The Abbe Lamennais, the close friend of Liszt, once said, "Liszt is a
great musician, the greatest the world has ever seen, but his wife can
easily take a mental octave which he can not quite span."

The Countess d'Agoult died March Fifth, in Eighteen Hundred Seventy-six,
at the age of seventy years. When tidings of her passing reached the
Abbe Liszt, he caused all of his immediate engagements to be canceled
and went into monastic retirement, wearing the robe of horsehair and a
rope girdle at his waist. He filled the hours for the space of a month
with silent reverie and prayer.

And even in that cloister-cell, with its stone floor and cold, bare
walls, the leaden hours brought the soundless presence of a tall and
stately woman. Through the desolate bastions of his brain she glided in
sweet disarray, looked into his tear-dimmed eyes, smoothing softly the
coarse pillow where rested that head with its lion's mane which we know
so well--a head now whitened by the frost of years. No sound came to him
there, save a soft voice which Fate refused to silence, and this voice
whispered and whispered yet again to him: "Death shall not divide us,
nor is eternity long enough to separate thee from me!"

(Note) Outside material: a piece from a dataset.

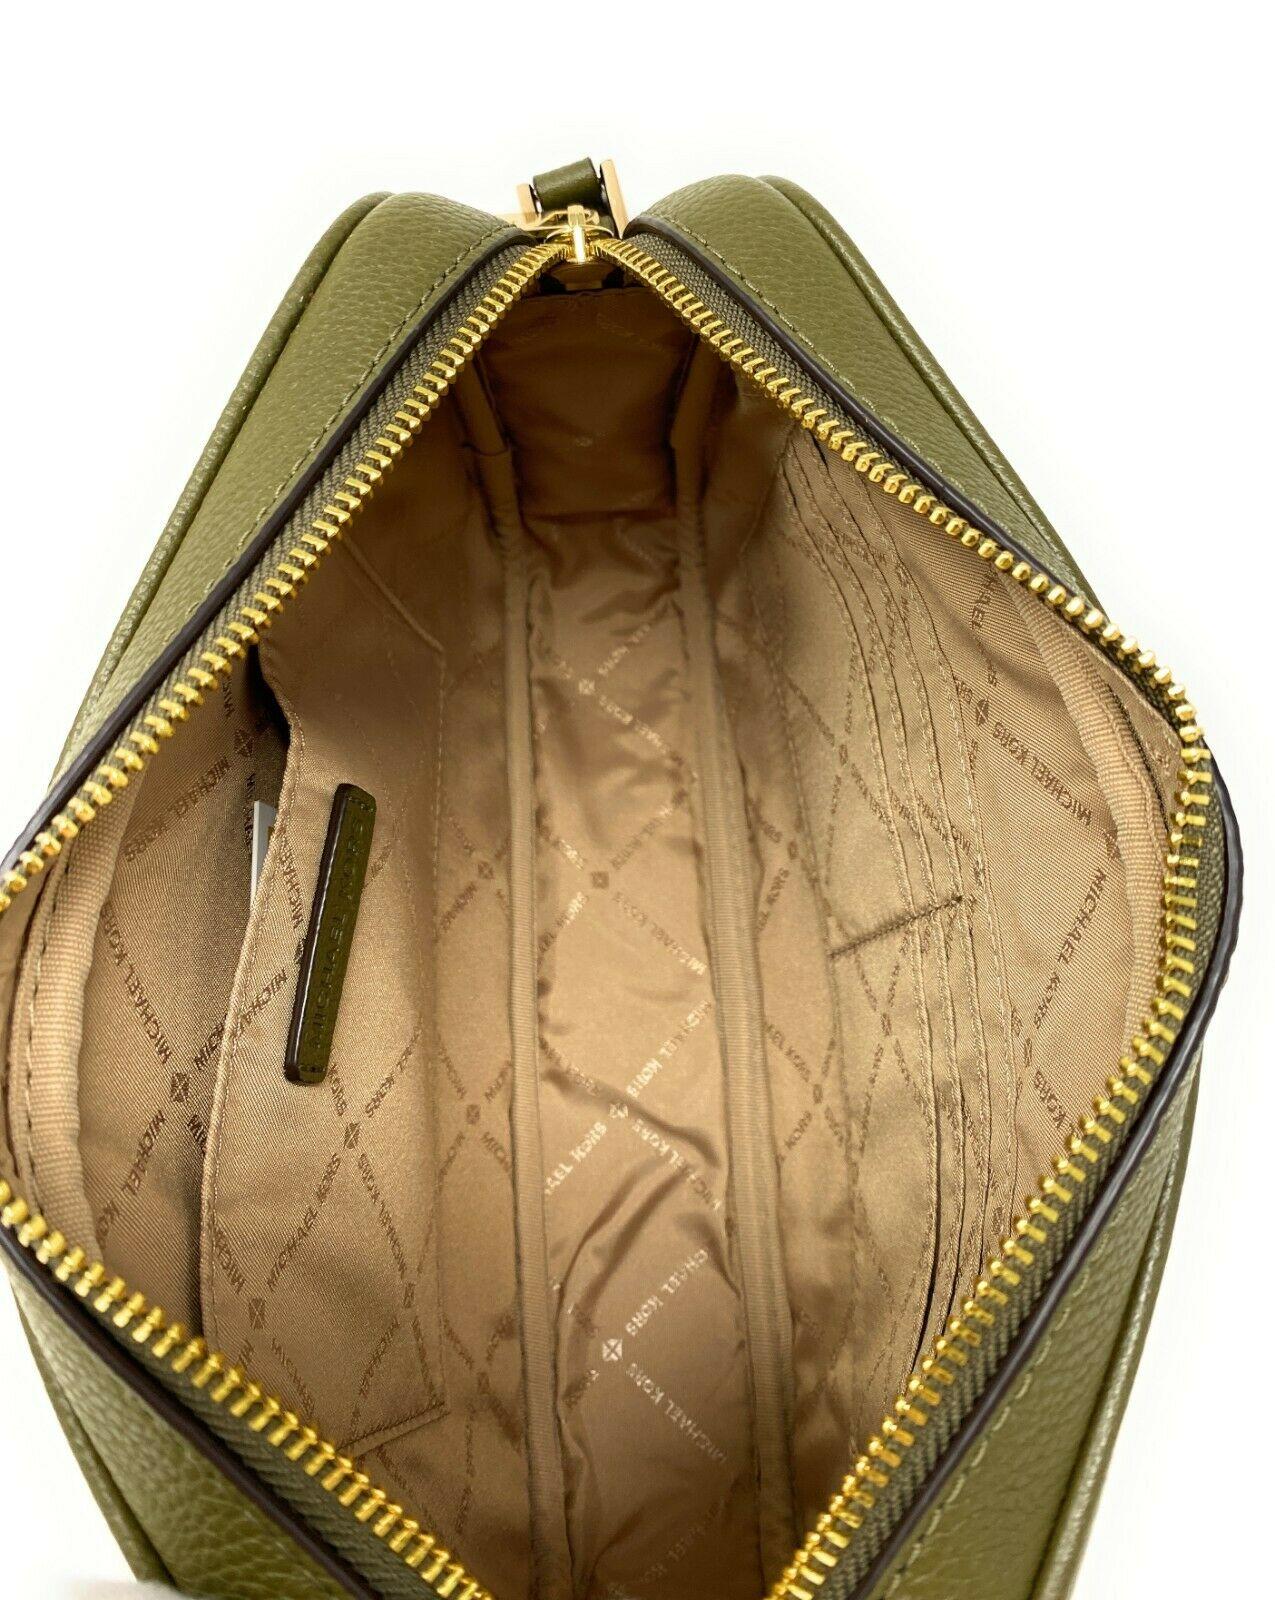 thumbnail 49 - Michael Kors Jet Set Item Large East West Crossbody Chain Handbag Clutch $298

       *       *       *       *       *

Religion is not the cure of love. Perhaps religion is love and love is
religion--anyway, we know that they are often fused. For a time after
Liszt had parted from the Countess, fortune smiled. Then came various
loans to friends, managerial experiments, the backing of an ill-starred
opera, and a season of overwrought nerves.

Luck had turned against the supposed invincible Liszt. Then it was that
the Princess Wittgenstein appears on the scene. This fine woman,
earnest, strong in character, intellectual, had tried ten years of
marital hard times and quit the partnership with a daughter and a goodly

The Princess had secretly loved Liszt from afar, and had followed him
from town to town, glorying in his triumphs, feeding on his personality.

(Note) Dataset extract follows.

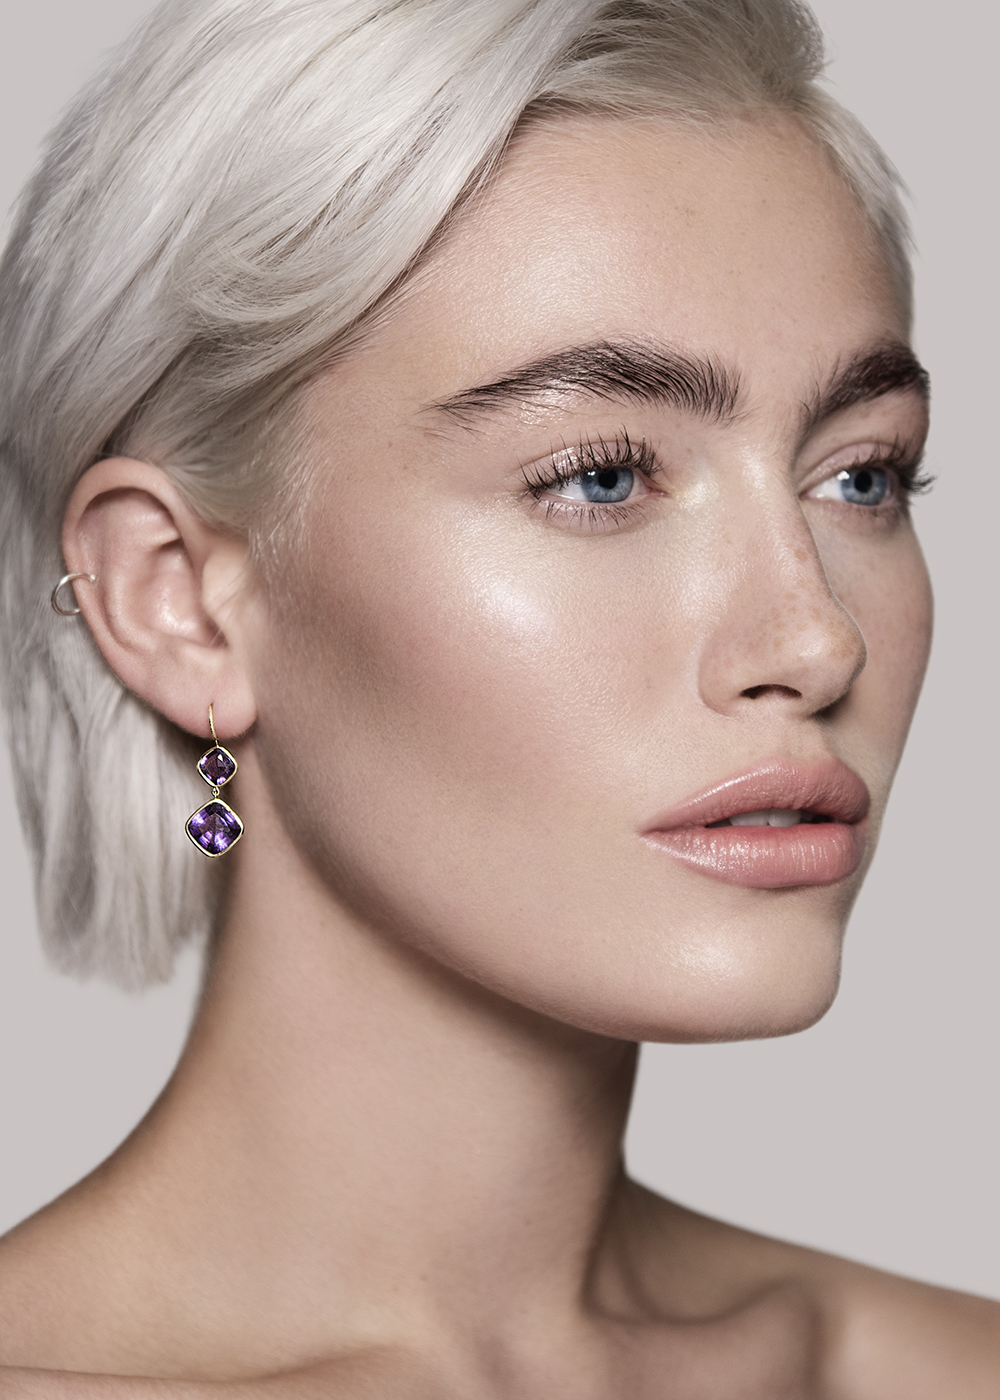 Lili Jewellery by Lisa Eldridge  Photography by Mateusz Sitek

When trouble came she managed to have a message conveyed to him that an
unknown woman would advance, without interest or security, enough money
for him to pay all his debts and secure him two years of leisure in
which he might regain his health and do such work as his taste might

Of course Liszt declined the offer, begging his unknown friend to
divulge her identity that he might thank her for her disinterested faith
in the cause of Art.

A meeting was brought about and the result was as usual. The Grand
Duchess of Saxe-Weimar, in the face of scandal, took the Abbe and
Princess under protection, giving them the Chateau of Altenburg, near
Weimar, for a retreat. There Liszt, guarded from all intrusion, composed
the symphonies of "Dante" and "Faust," sonatas, masses and parts of
"Saint Elizabeth." For thirteen years they lived an idyllic existence.
Then, having married her daughter by her first husband to Prince
Hohenlohe, the Princess set out for Rome to obtain a dispensation from
the Pope, so she and the Abbe could be married. Her husband, who was a
Protestant, had long before secured a divorce and married again. Pope
Pius the Ninth granted her wish, and she hastened home and prepared for
the wedding. It was said that flowers were already placed on the altar,
the marriage feast was prepared, the guests invited, when news came that
the Pope had changed his mind on the argument of one of the lady's
kinsmen. We now have every reason to believe, though, that the Pope
changed his mind on the earnest request of Liszt.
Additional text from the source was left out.